WHEN I come back (not if, when), I will certainly plan it around a lower tide day. Point of Arches had amazing tide pools even at a more moderate tide, and Mama Boots had her head on a swivel so much she stepped into the water at least once. Anemones, sea stars, little fish, and more all were present, but I can only imagine the wonders uncovered on a day with a negative tide!
With my dog at home, I knew we’d have to tear ourselves away eventually. One last look at this land we are so happy to have shared with us, and we headed back towards the woods. The sun was really beating down now, and we were thankful to have reapplied sunscreen with our lunch. Beach hiking can be deceptive in how the wind and waves can make it feel so much cooler than the sun really is beating down. We noticed more and more people coming in to camp, some laden down with quite a bit of gear (and one with a box of wine). While this is a super popular backpacking spot, I am sure privacy and quiet can still be found. The trail does continue all the way to Cape Alava and beyond, for those eager for mileage and more beach time.
Onward we pushed, with one last look at the beach. We knew metaphorically, it was all downhill from here–the uphill climb, and the mud were both waiting for us, then a journey home that would take 4+ hours. But, the good times continued as we headed up and onward. While the mud was way, way worse from the foot traffic, I only got stuck once (again, no gaiters, and had been too stubborn to get my poles out).
We made it back to the car, and began our long journey home. While it is a long slog getting there and back, it was worth every minute of car, ferry, and hiking time. All in all, this classic Washington Hike I’d say is moreso essential.
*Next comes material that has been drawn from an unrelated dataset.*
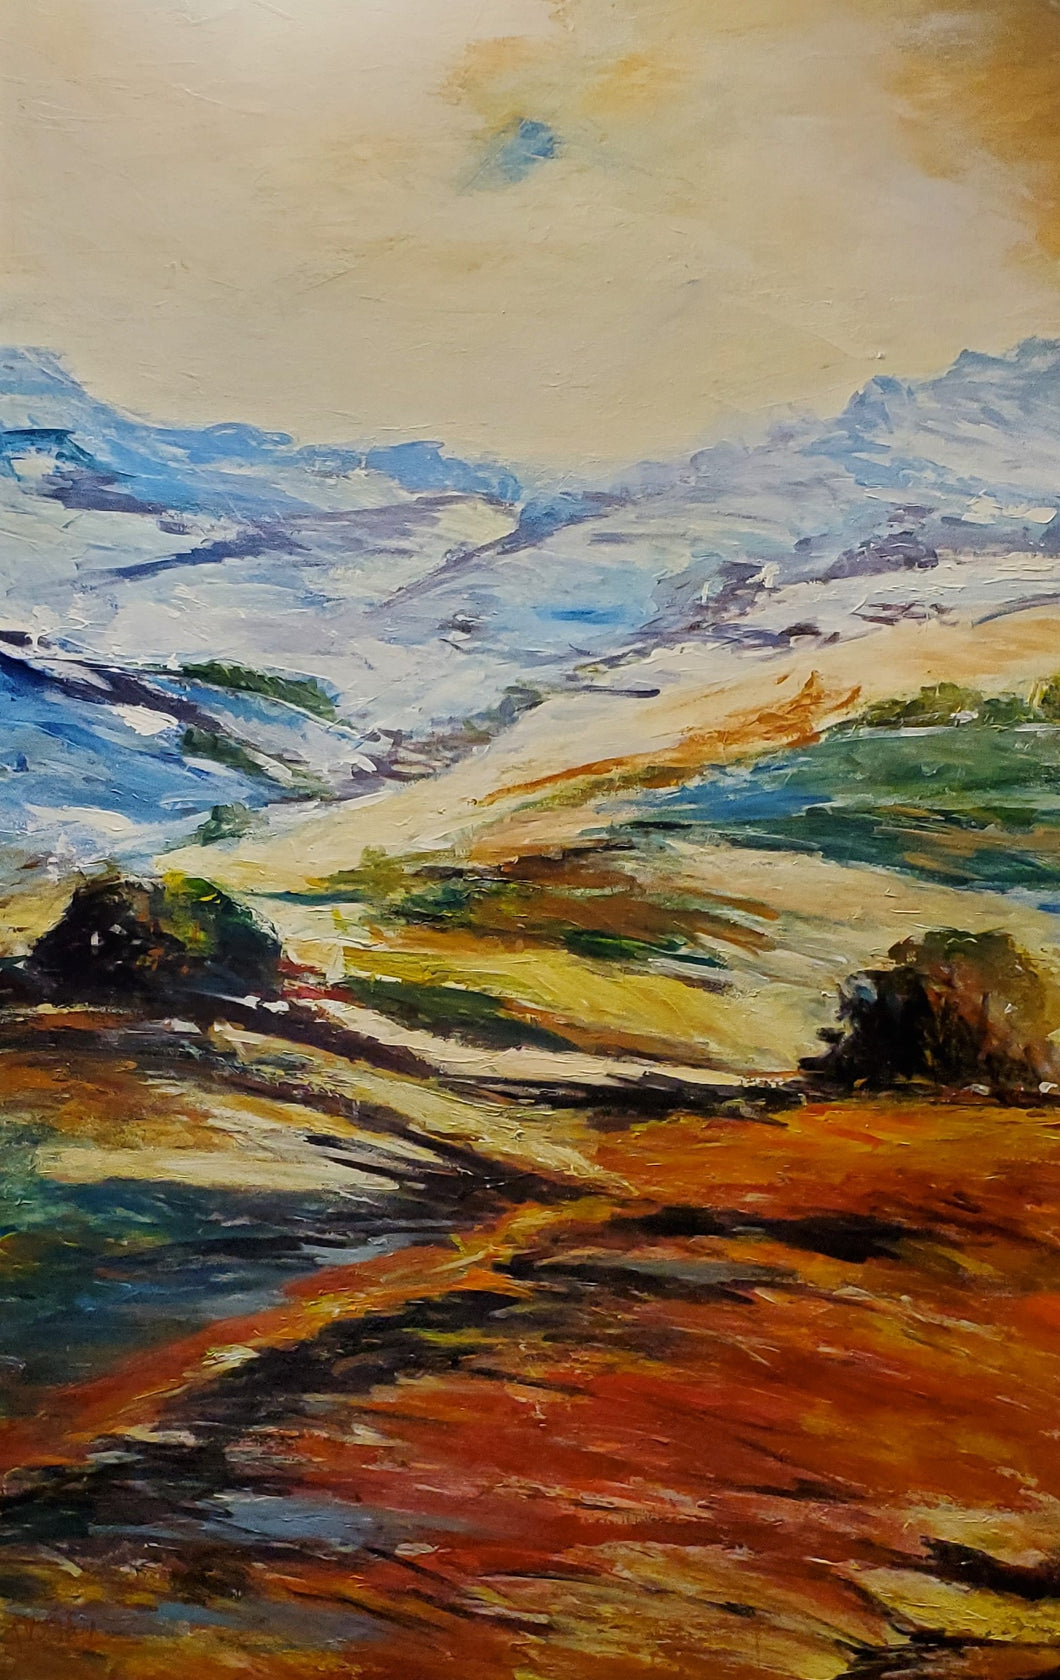 AROMAZ, Carlos - Les plaines des Rocheuses - Oil on canvas, 72x48
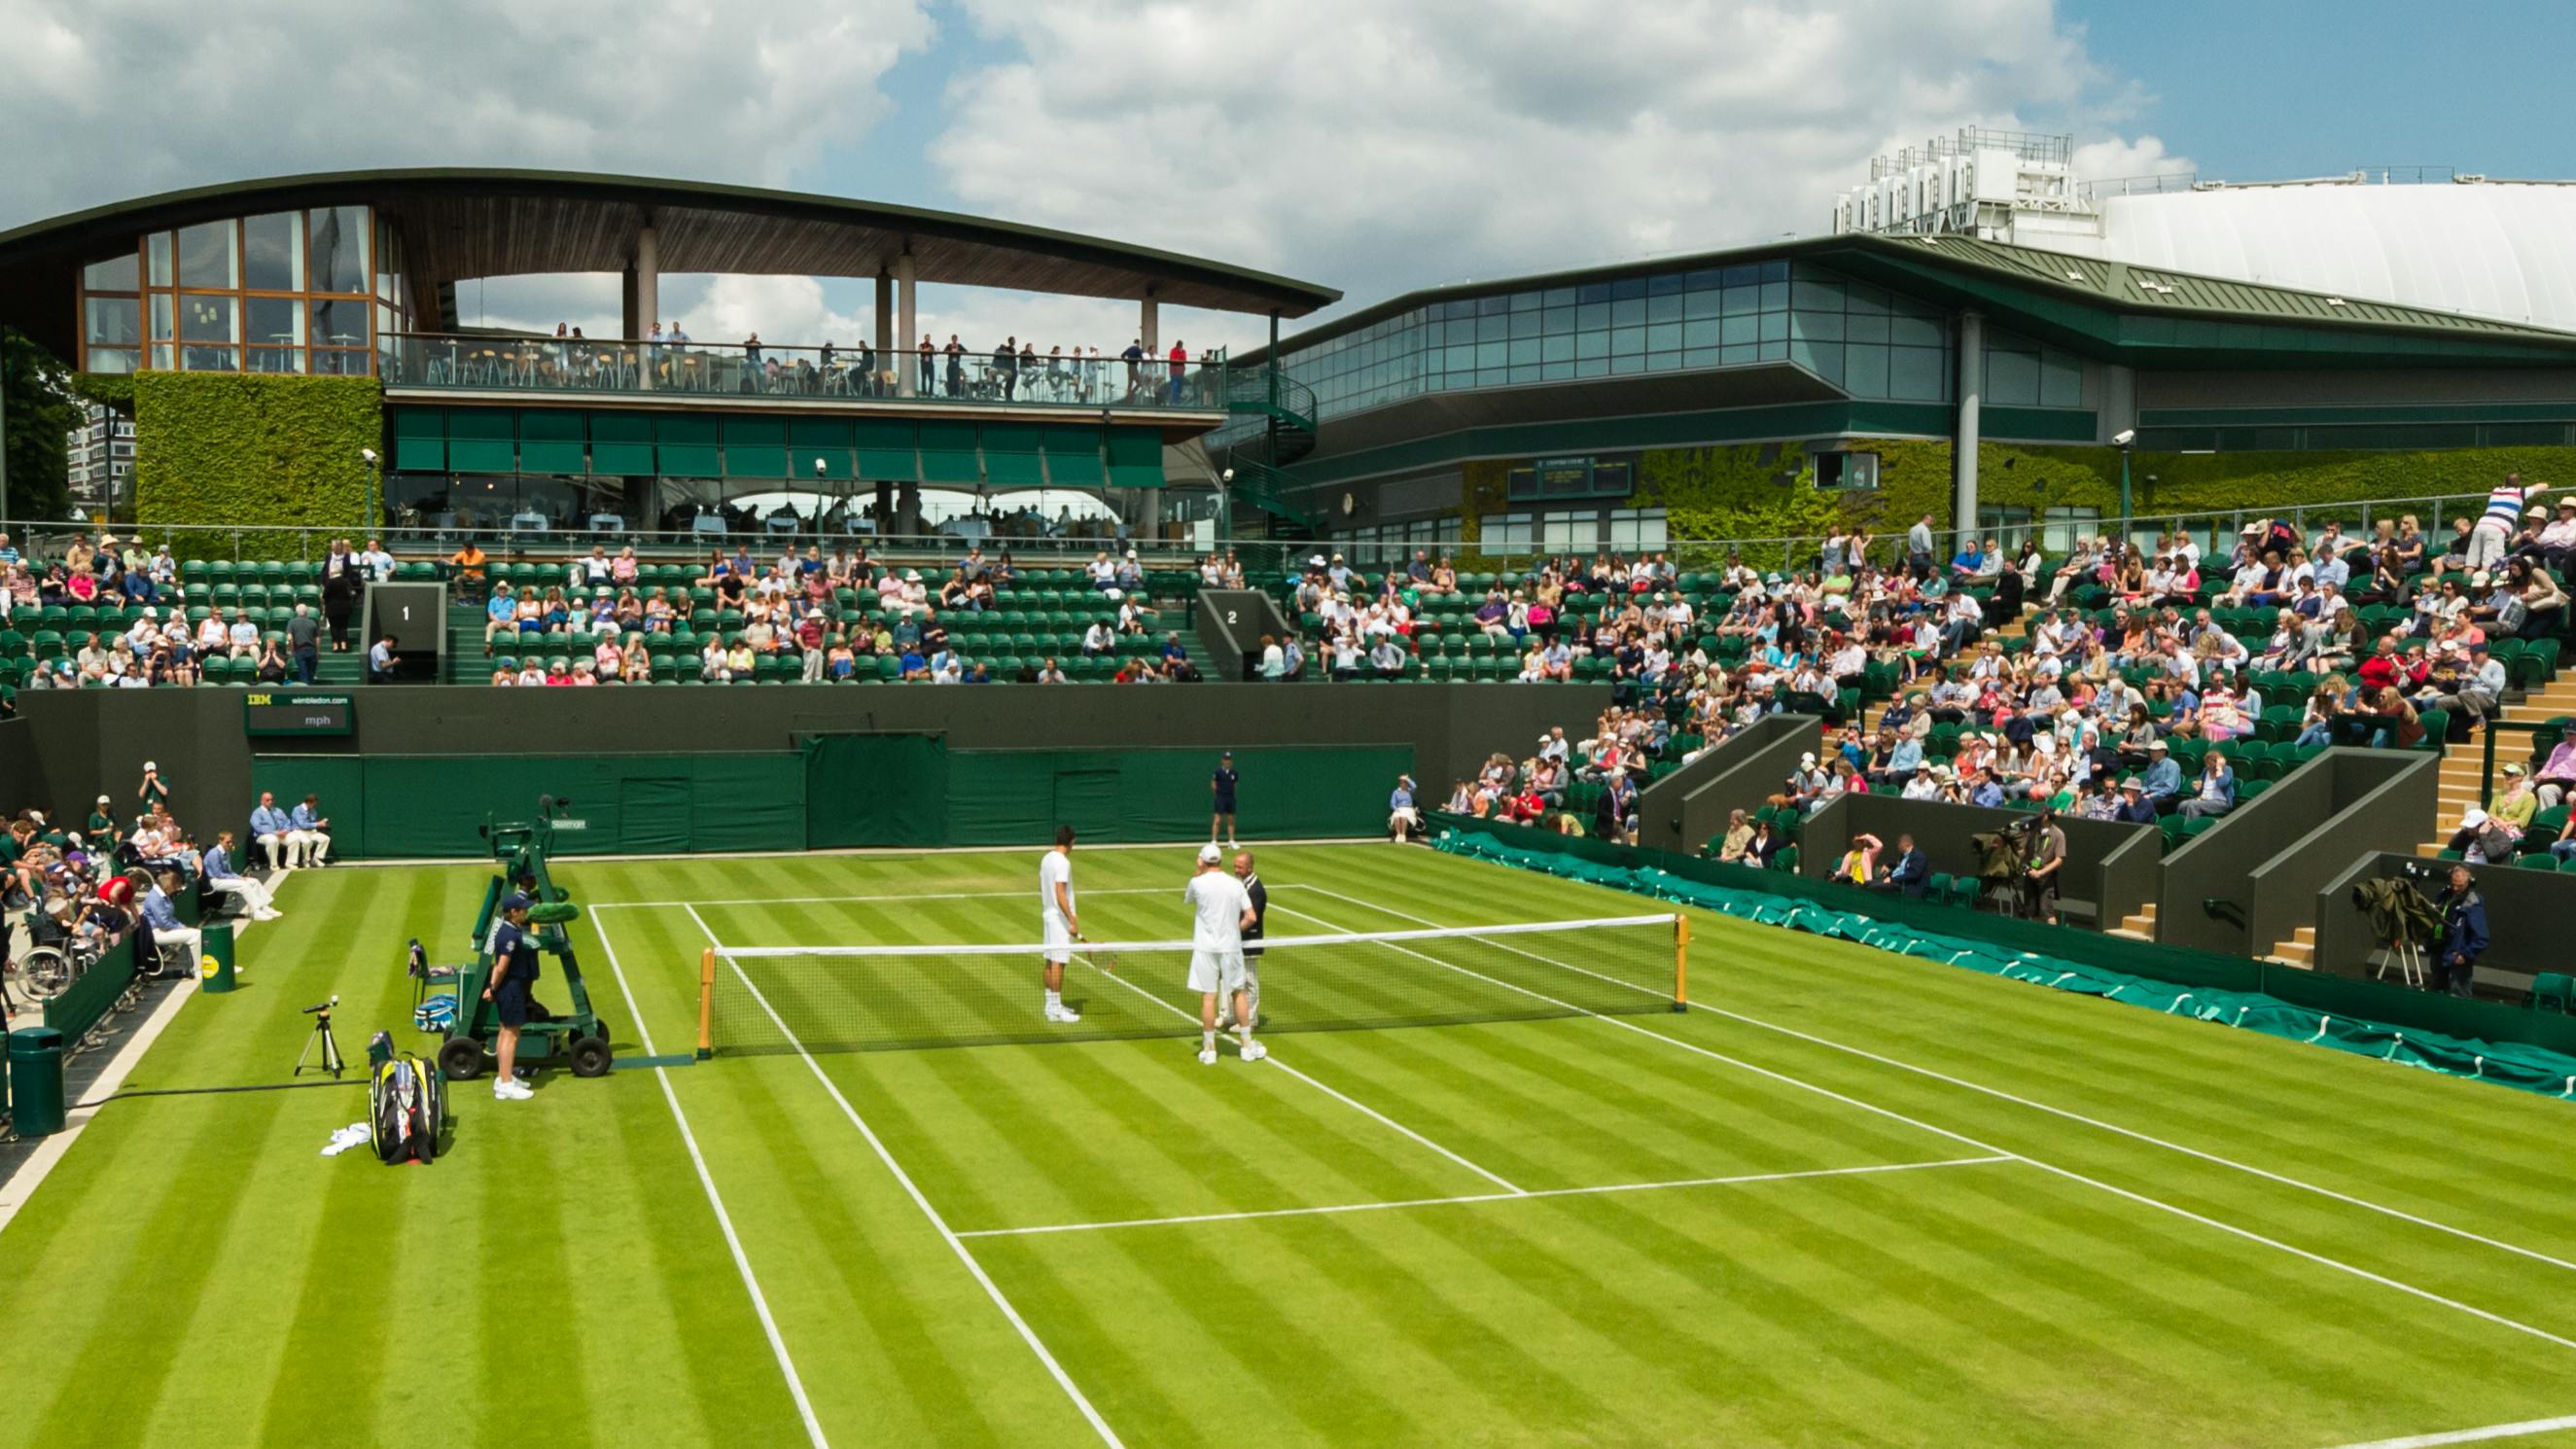 The grass court at Wimbledon during a match.

Distance: WTA says 8.0 round trip–two miles to the beach and two on the beach– but we clocked 2.5 to the beach and to the point and back, but we clocked 2.5 to the beach. With exploring around the Point of the Arches, we put in 9.6 miles!
Elevation: Around 200 feet is the difference from high point to low point.
Parking: Makah Reservation Pass for day hiking; add on $10 cash and Olympic National Park wilderness permit if camping on the beach
Bathrooms: Pit toilets at the trailhead and at least one outhouse near the beach.
Food Storage if Backpacking: Bear cans required, can be rented from WIC in Port Angeles.
Fires: Beach fires are allowed with driftwood, but always verify if a burn ban is in effect first. Do not chop up logs for fires.
Best Beer Bet: The reservation is dry, so please be respectful of their land and laws. If you need a post-hike brew, there’s Barhop Brewing in Port Angeles and Hood Canal Brewing near Kingston. We had to hurry home for my pup, so no beer for us.